Kösemen worked "non-stop" on Snaiad until 2007, though work on the project has continued sporadically after that. Snaiad's official website was launched in June of 2008. The Snaiad website would later go offline for many years, but was relaunched in 2014. Later that year, in August, Kösemen held a talk about Snaiad at the 72nd World Science Fiction Convention in London. At the talk, Kösemen discussed the development of the project and shared never-before-seen early renditions of creatures. By the time of the 2014 talk, Kösemen had around 200 colorful paintings of Snaiad creatures and a backlog of nearly 500 concepts.

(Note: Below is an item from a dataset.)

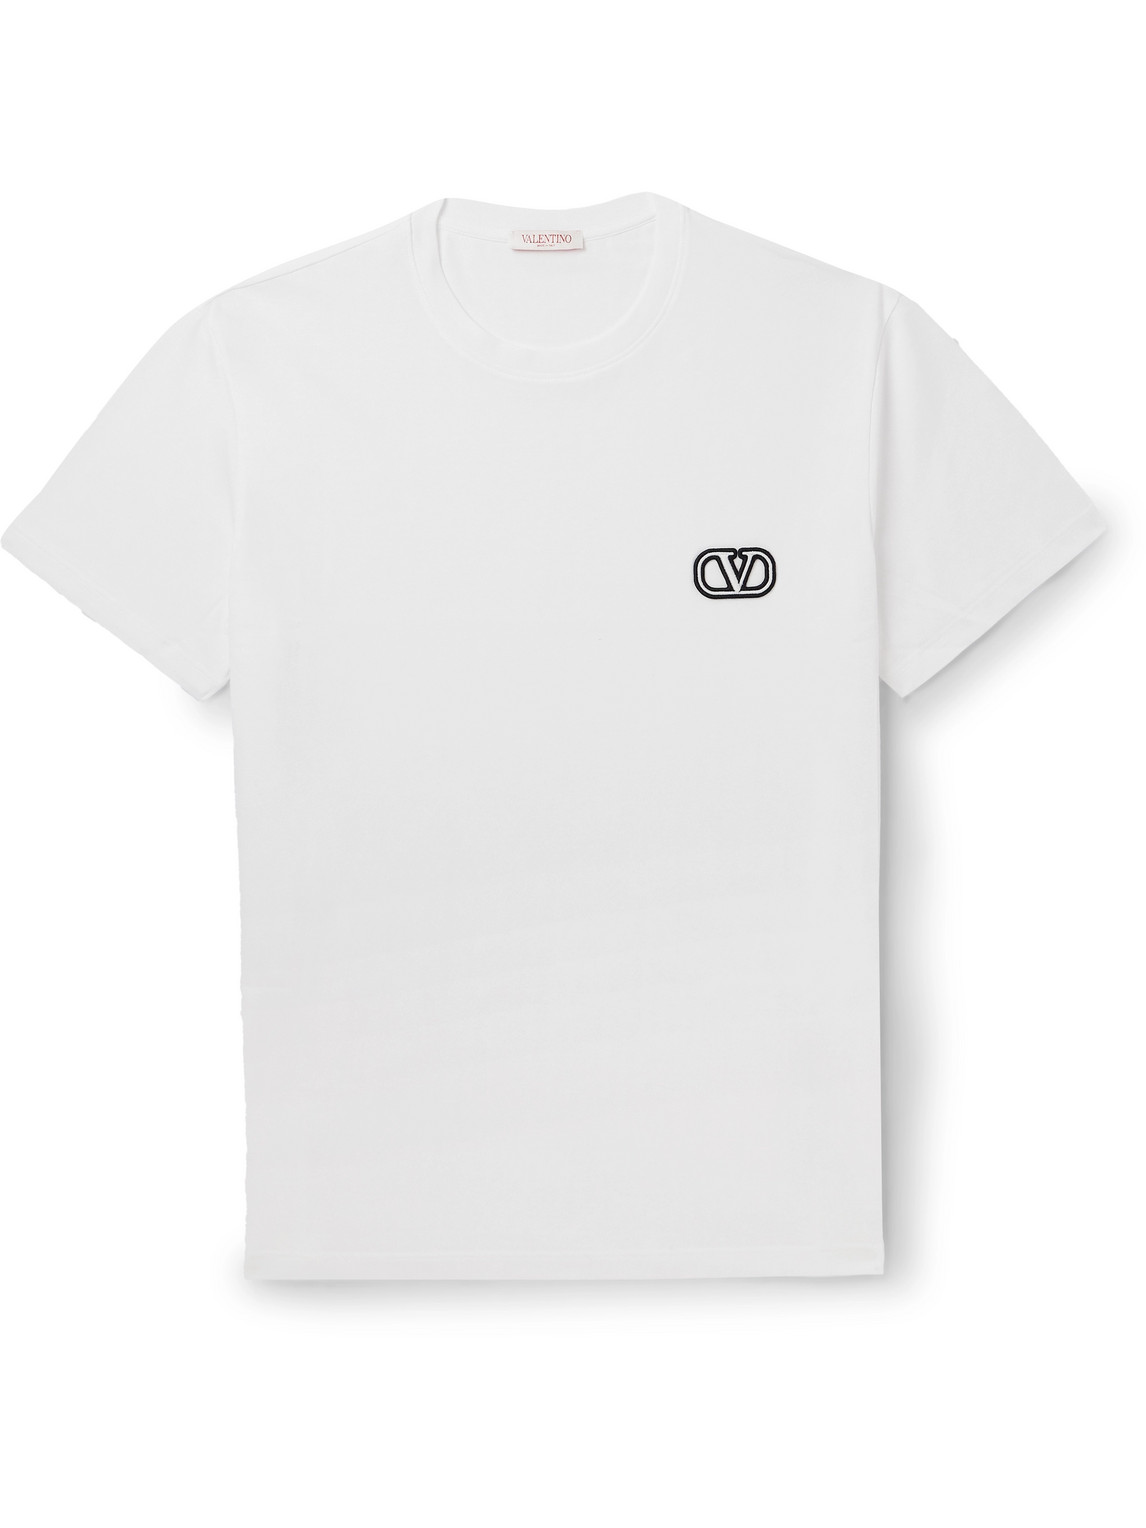 Valentino Garavani - Logo-Appliquéd Cotton-Jersey T-Shirt - Men - White - L von Valentino Garavani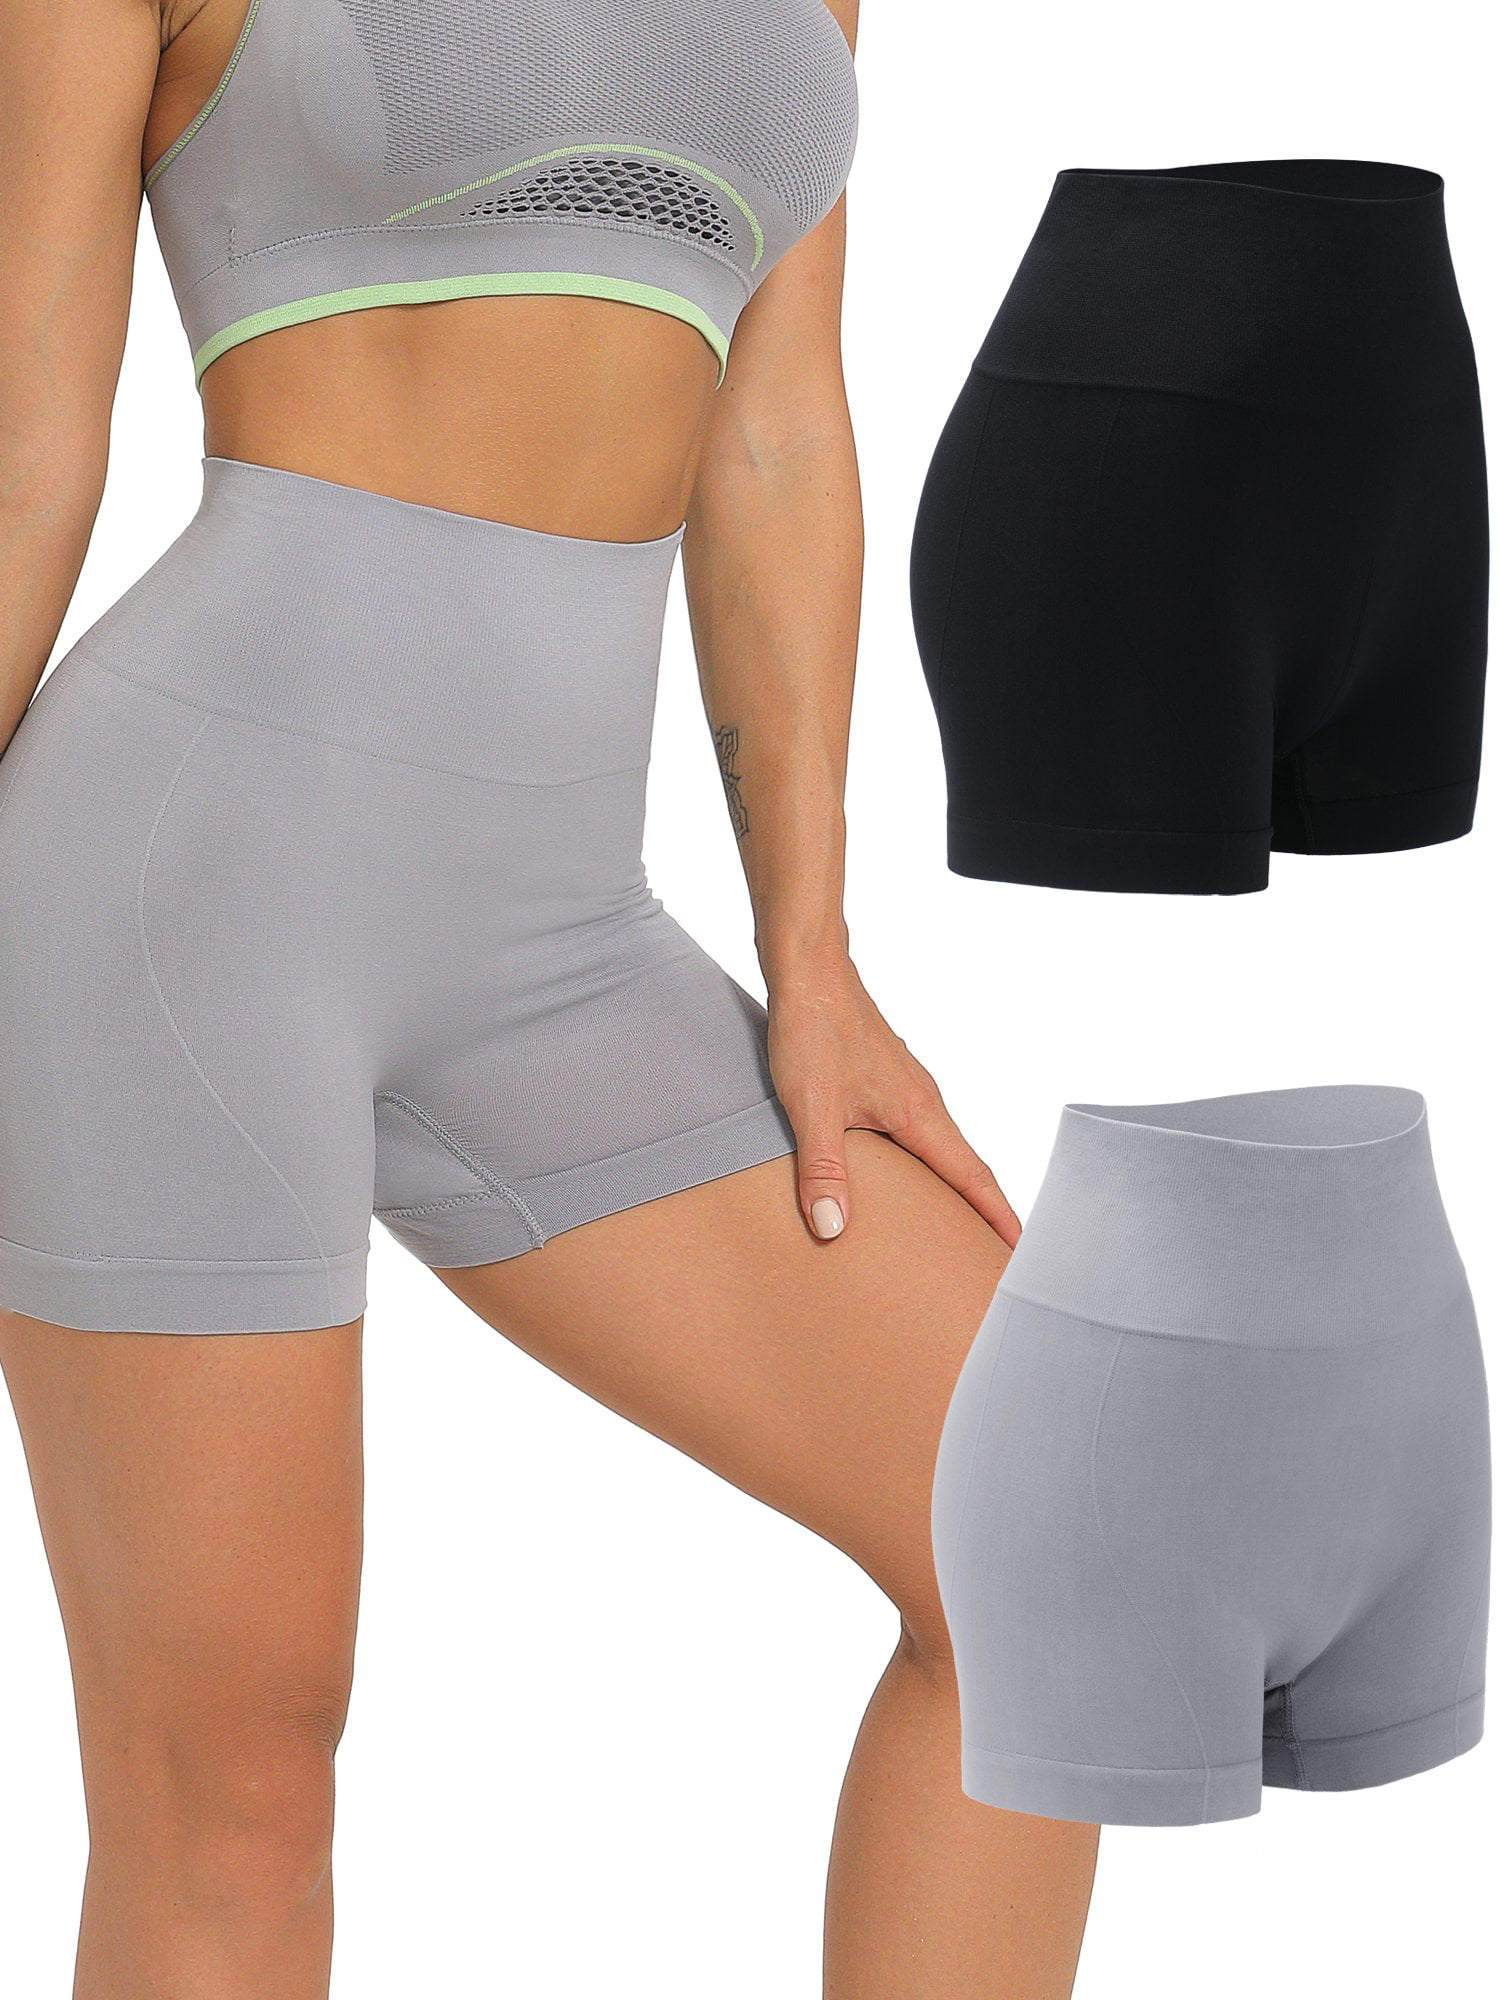 GROTEEN 2 Pack Biker Shorts for Women High Waist 8 Tummy Control Womens Shorts for Summer Workout Yoga Running

Despite not yet having been published in any other form than online, Snaiad has garnered a following. 'Snaiad' has more Google search hits than Kösemen's own name, and the project grew especially popular on the art-sharing website DeviantArt, where amateur artists drew fan art of Kösemen's creatures and also invented their own Snaiadi creatures. Fans of Snaiad have also created YouTube animations and digital as well as physical models of Kösemen's creatures. Per Darren Naish, writing in response to Kösemen's 2014 talk, "The mass appeal of Snaiad was demonstrated by the invention of Spore versions of Snaiad creatures, by the number of website mentions, by fan-art of assorted genres, and by the enthusiasm of the attending audience." Kösemen attributes the appeal of Snaiad to the project being somewhat "open source", with Kösemen allowing fan art and even 'canonizing' the fan creations he liked the best, and the established common body plans and anatomy, creating the possibility of consistent creations. The project as also been translated into multiple languages: As of 2026, the website's home page contains links to versions of the website in Spanish and Mandarin Chinese.

Kösemen has expressed interest in eventually publishing Snaiad in book form, stating that he plans to remake the book completely, and publish it in the near future. He is actively rewriting the book at the current time of writing this document.